The peer-to-peer protocol combines a push model for metadata and a pull model for data: Nodes advertise their artifacts and serve them to interested peers.

Before advertising a checkpoint, a replica computes its manifest—a summary of the checkpoint directory, similar to the info section of a .torrent file. A manifest consists of two tables: the file table contains file metadata, the chunk table describes the file contents.

Replicas use manifests as blueprints for organizing the data on disk and for validating the chunks they receive. A manifest hash identifies the checkpoint as a network artifact.

Triggering state transfer

The signal that a replica is behind comes from the consensus module. After every checkpoint, it creates a catch-up package—the bill of materials a replica needs to participate in the protocol, including the dkg summary, the random beacon value, and the checkpoint hash.

Suppose a replica crashes after processing nine blocks and comes back when the network moves on to state 100, which happens to be the next scheduled checkpoint. Here is how replica components interact to trigger the state transfer:

1. Consensus observes a catch-up package advertisement and fetches its content. The package indicates that the latest recoverable state is 100 and its manifest hash is $H_{100}$.
2. Consensus checks the latest locally available state height (it’s nine).
3. Consensus decides that replaying blocks is not an option and instructs the State Machine to fetch state 100 with root hash $H_{100}$.
4. State Machine subscribes to artifact advertisements and initiates the fetch once a matching one arrives.

Fetching states incrementally

Once the state machine knows which state it needs to fetch, it doesn’t need any instructions from the consensus module; it uses the transport module directly. Continuing our example, here is how the State Machine syncs from state 9 to 100:

1. Transport delivers an advertisement for a checkpoint with hash $H_{100}$. State Machine initiates an artifact fetch.
2. State Machine fetches the zeroth chunk, which by convention contains the manifest, decodes it, and ensures that its hash matches $H_{100}$.
3. State Machine compares the manifests of checkpoint 9 and 100, classifying chunks as either locally available or missing.
4. It copies locally available chunks into their proper positions.
5. It instructs Transport to fetch all the missing chunks.

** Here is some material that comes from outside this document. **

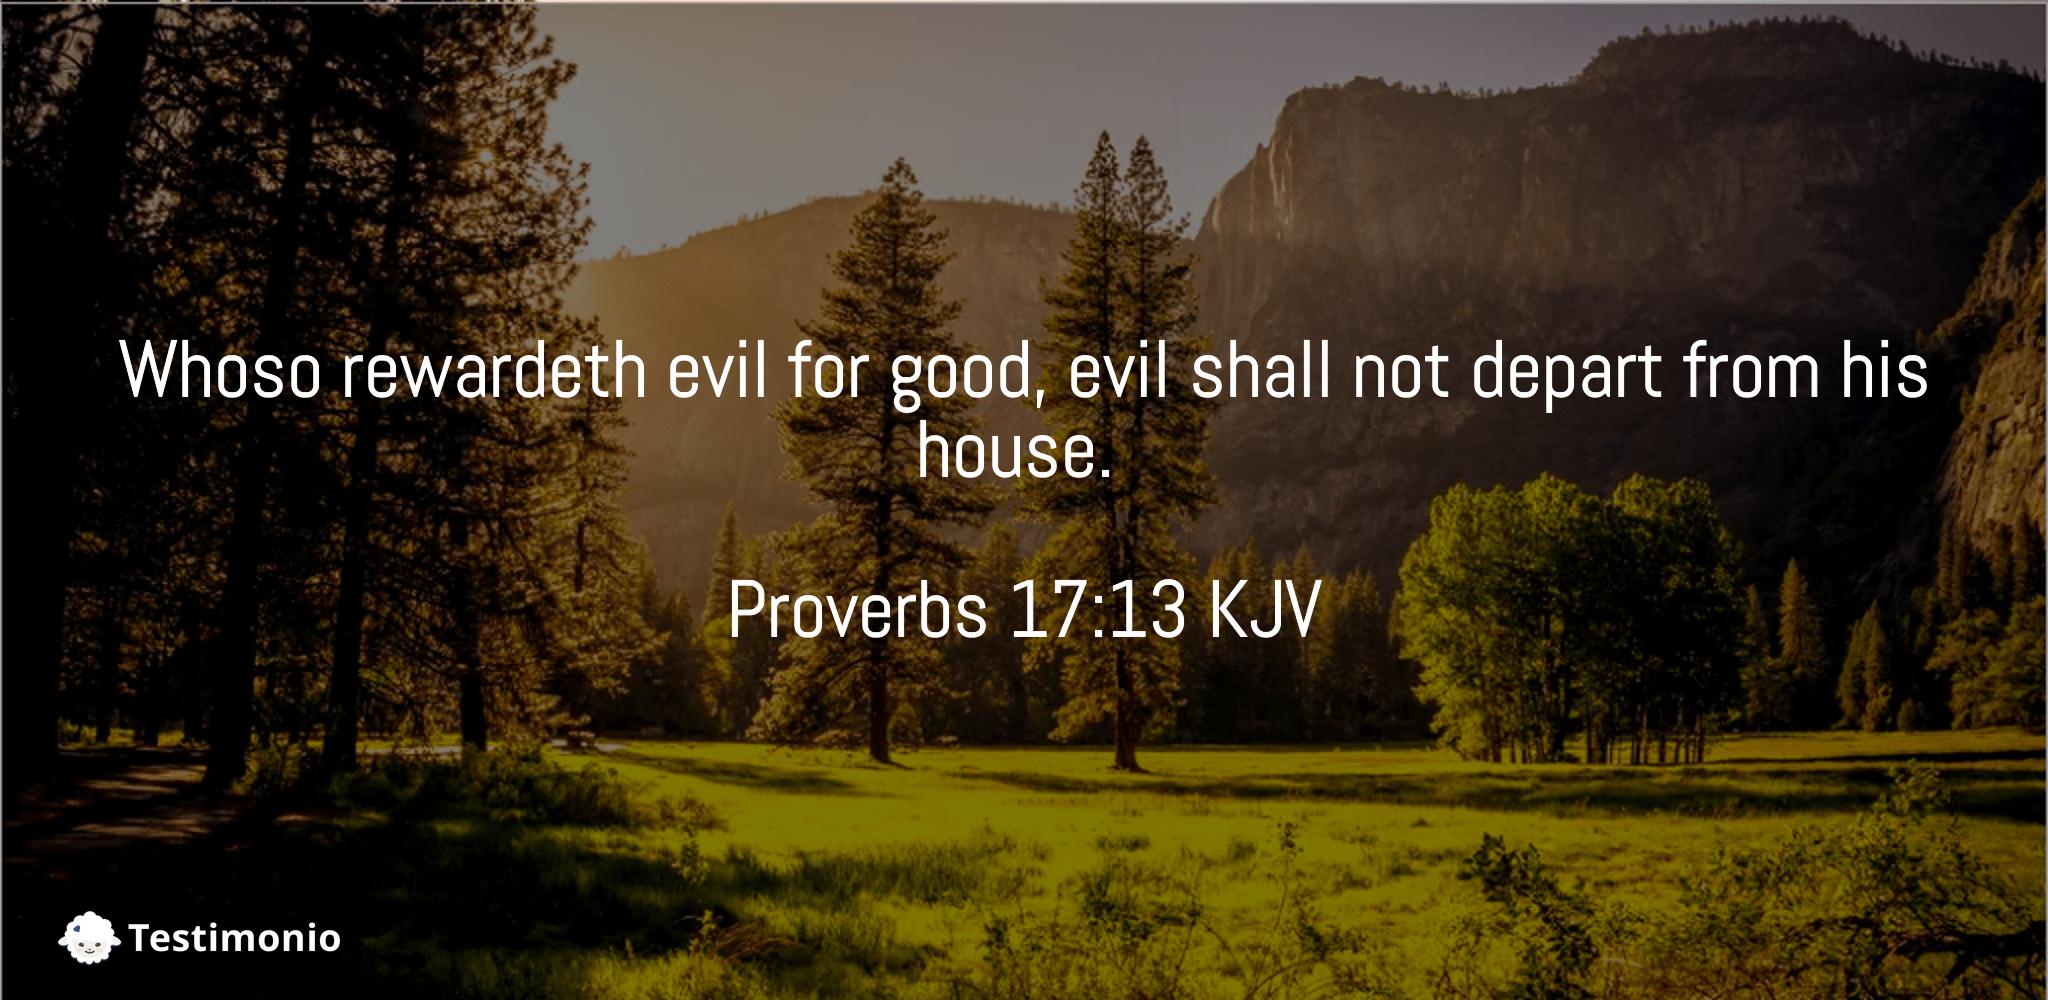 Proverbs 17:13

Transport can stream data from several peers concurrently.
6. As Transport delivers chunks, State Machine validates their hashes against the manifest and puts them into their slots on disk.

When there are no more chunks to fetch, the checkpoint 100 is finalized.

The state transfer procedure is incremental: A replica that was offline for a brief period fetches only the changed data. It’s also resumable: If a checkpoint goes away before the transfer completes, the receiver can reuse the fetched chunks in the next sync attempt.

Paths not taken

It’s instructive to mention alternative rejected state sync protocols.

One early idea involved a catching-up node connecting to a healthy one, sending its state height, and receiving all the subsequent state updates. This protocol has major flaws:

1. It requires versioning every bit of the replica state and peppering all state transitions with version updates. Missing an update is a nasty bug.
2. It pushes most of the work to the healthy node, slowing down the subnet. A catching-up node is idle, so it should bear most of the costs.
3. It’s sequential: there is no obvious way to involve more than one sender.
4. It isn’t resumable: If the transfer interrupts, the receiver starts from scratch.

Another alternative was to represent the entire replica state as a state tree and sync these logical trees instead of concrete file-system representations. This approach would make it easier to specify the protocol and support syncing between replicas written in different languages, but the extra complexity outweighed the benefits.

Conclusion

This article focused on two features that differentiate the Internet Computer from most other blockchains: state trees and a built-in state sync protocol. State trees allow clients to query a certified subnet state by talking to a single node. The state sync protocol allows for fast node recovery and painless reconfiguration.